Whatever sort of response Sarah might have been expecting, this was not it.
“Yes, really. Believe me, dah-ling, there are times when it’s very useful to have a tame food expert in the family!”
“I can imagine,” Sarah sighed wistfully. Cooking was definitely not one of her own strong points.
It was not a brilliant reply, but she figured it would suffice. She got the impression that Brian wasn’t really listening to what she was saying anyway. That impression was strengthened by his next remark.

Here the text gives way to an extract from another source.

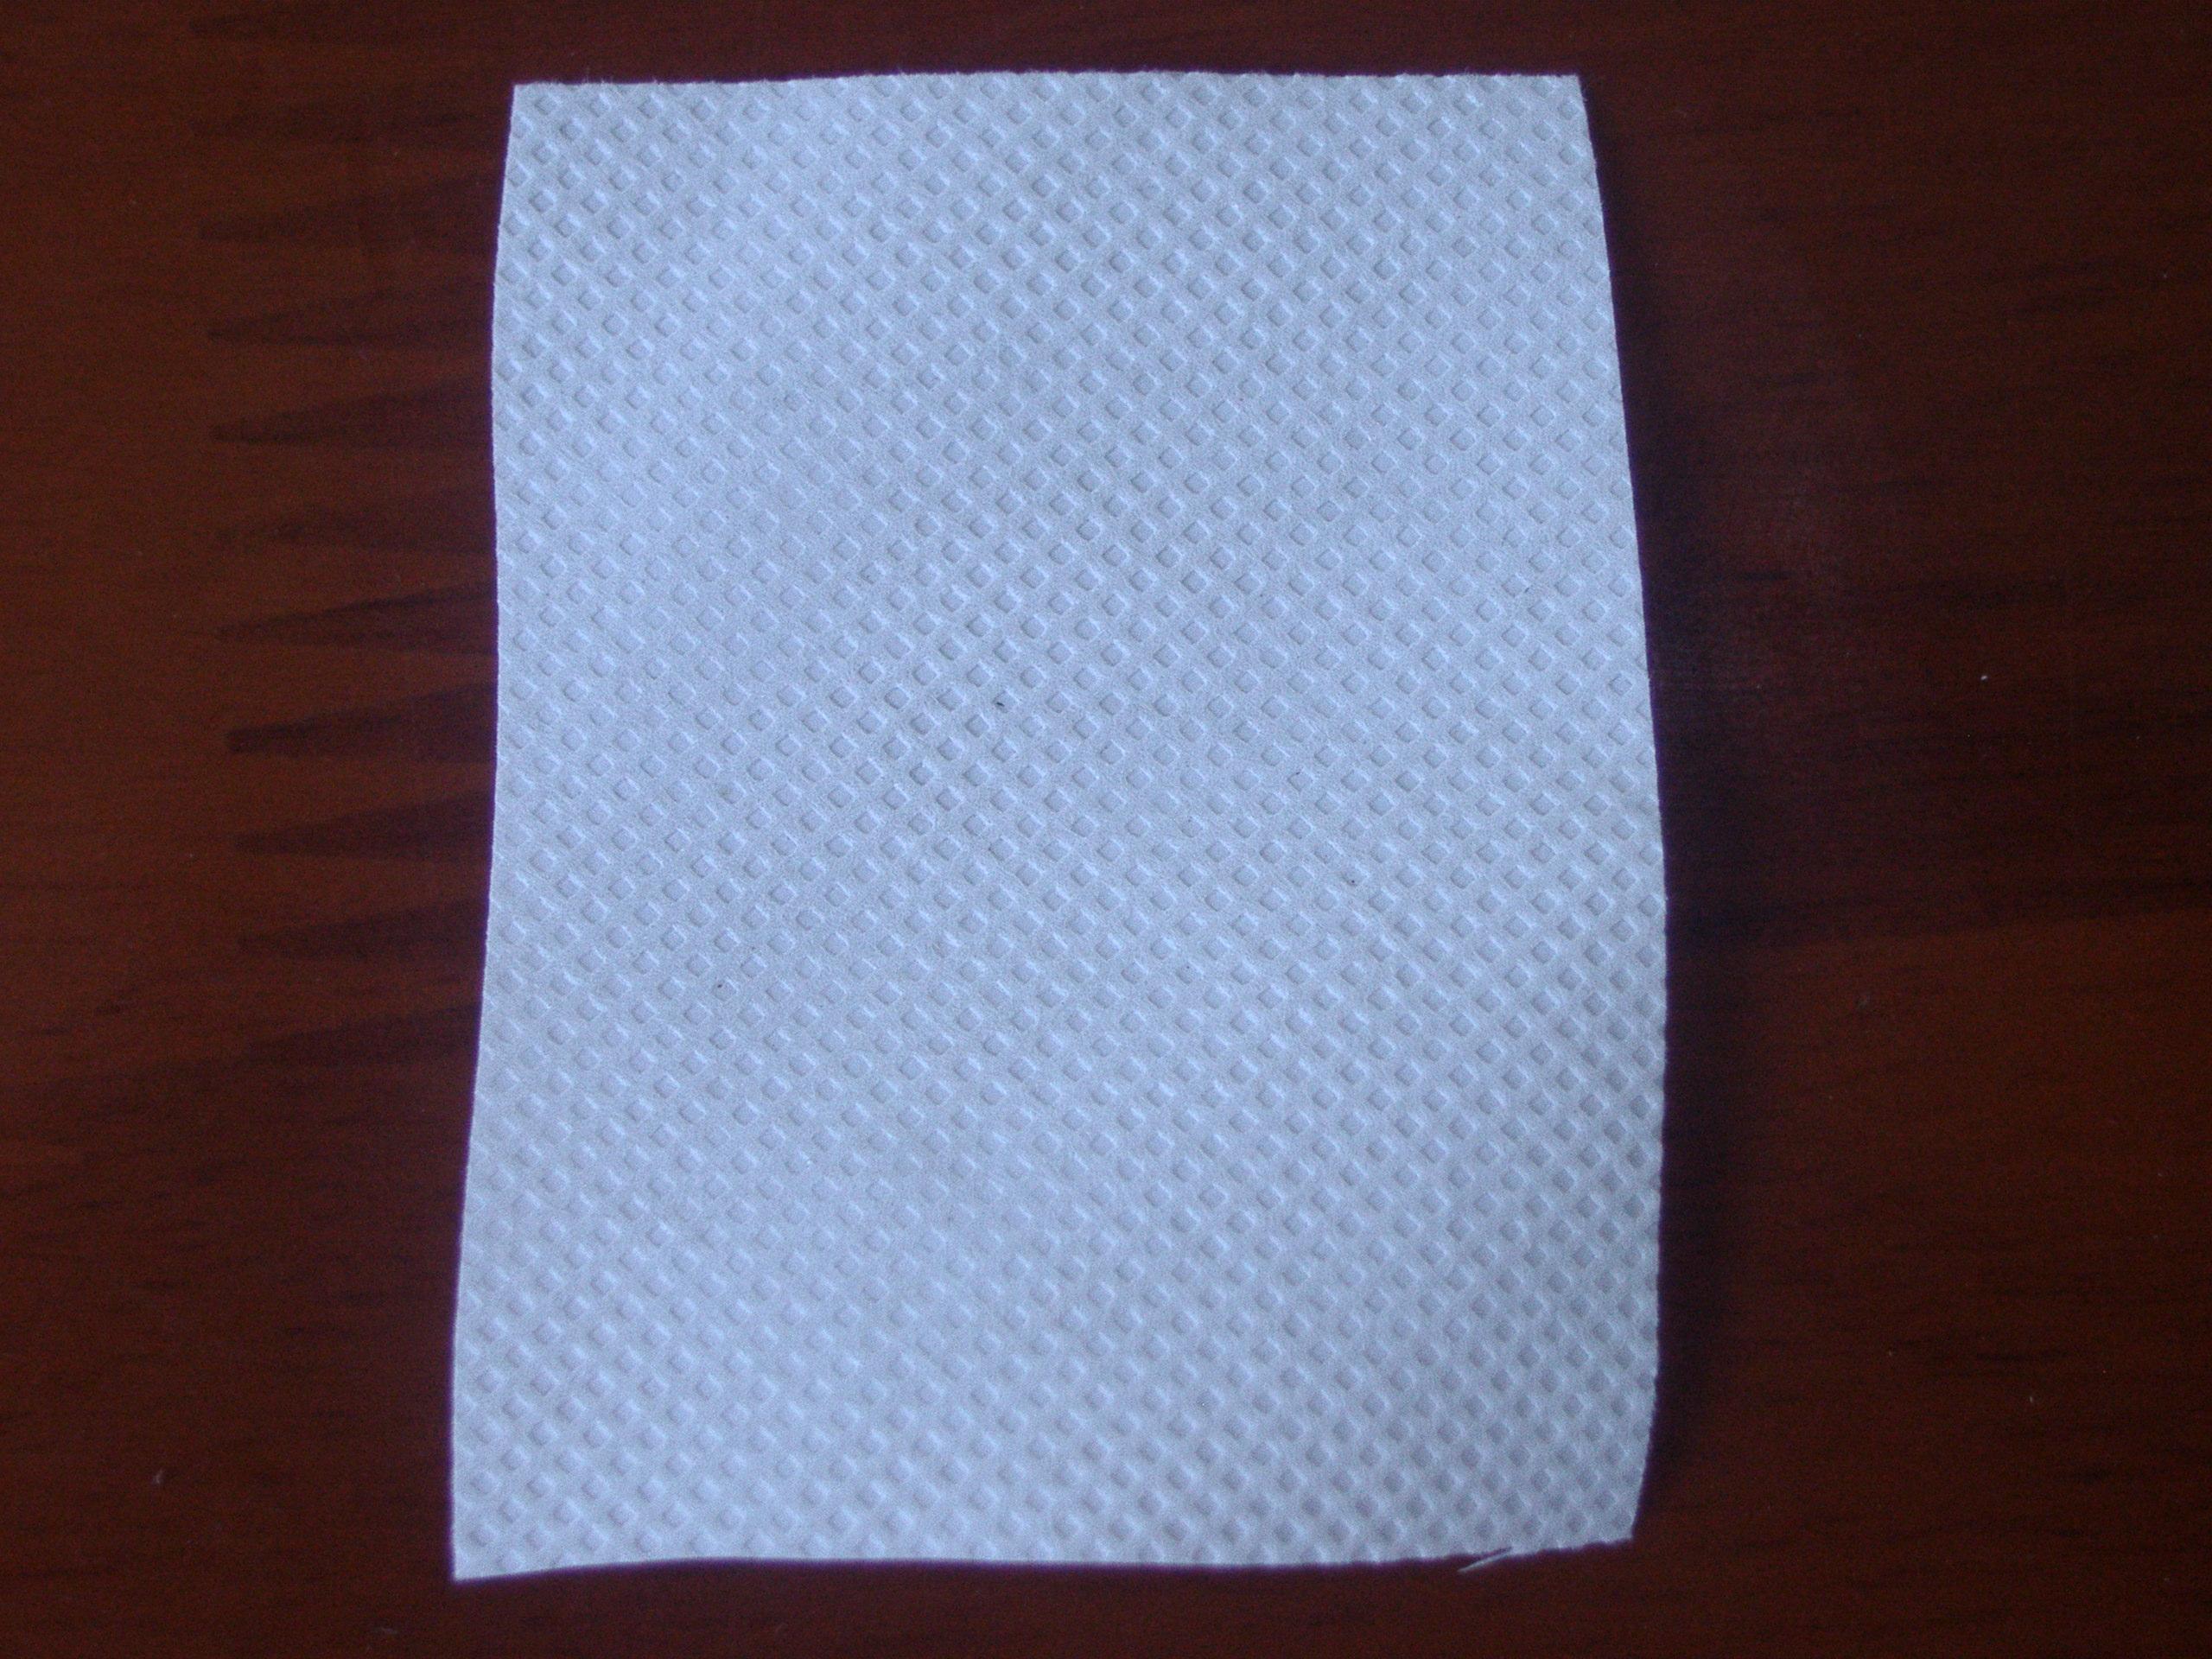 ePTFE Membrane for Medical Application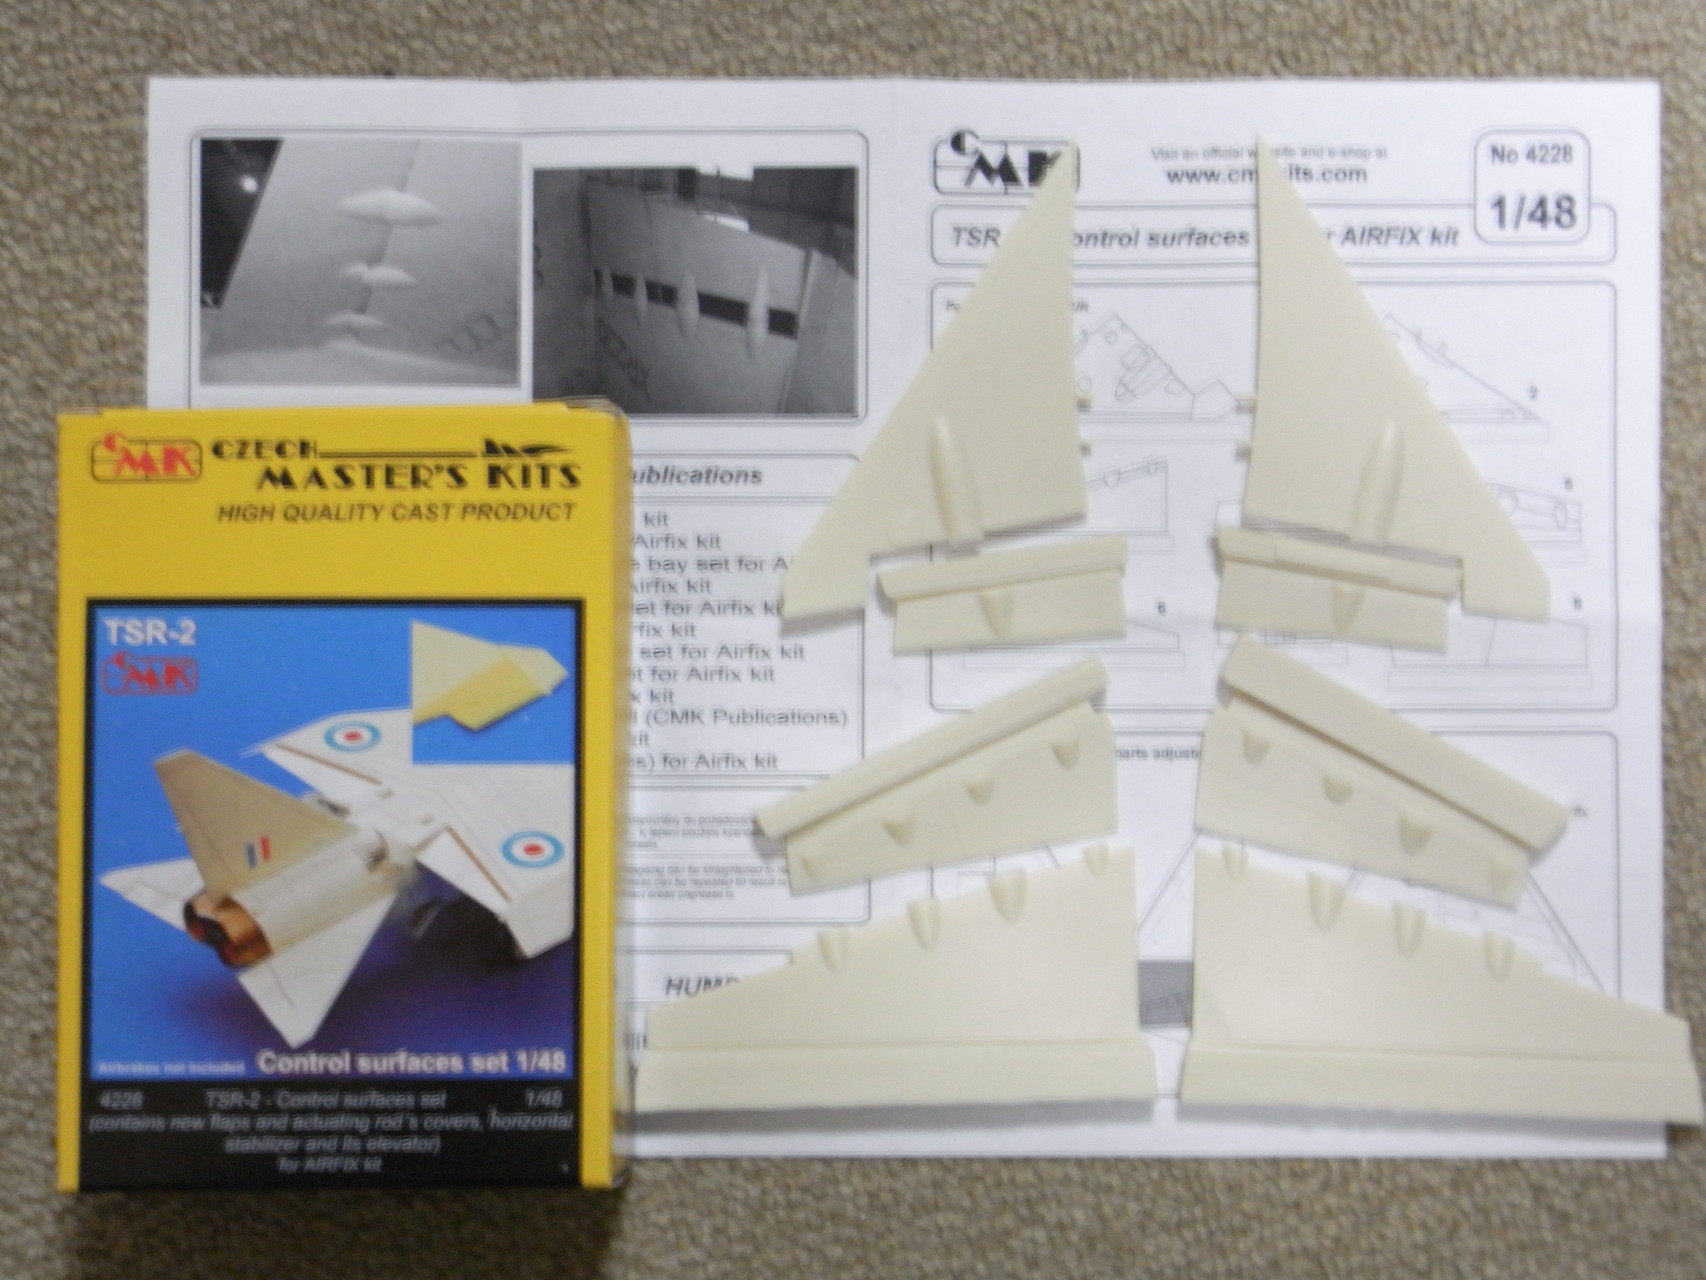 CMK 1//48 TSR-2 Control Surfaces Set for Airfix # 4228

“Talking of Martin, that reminds me, dah-ling. Can I ask you a HUGE favour?”
“You can ask, of course. But I can’t promise to grant it until I know what it is. You might be asking me to do something totally illegal!”
“Well, not strictly speaking illegal, but a little, shall we say, unorthodox?”
Sarah took another mouthful of her pint.
“Well, sweetie, Martin tried to get a ticket for the Saturday performance, but as you know, it’s a complete sell-out. But would it be OK to let him come backstage on Saturday evening and watch from the wings?”
Sarah choked on her beer.
“I’m sorry, Brian,” she said, once she had got her breath back, “but I don’t think that would be up to me. You’d really need to ask John about it. And Alan too – backstage admin is his department, not mine.”
“OK, sweetie pie. I’ll go and have a word with them. But if I do manage to swing it with them, you will look after him for me, won’t you?”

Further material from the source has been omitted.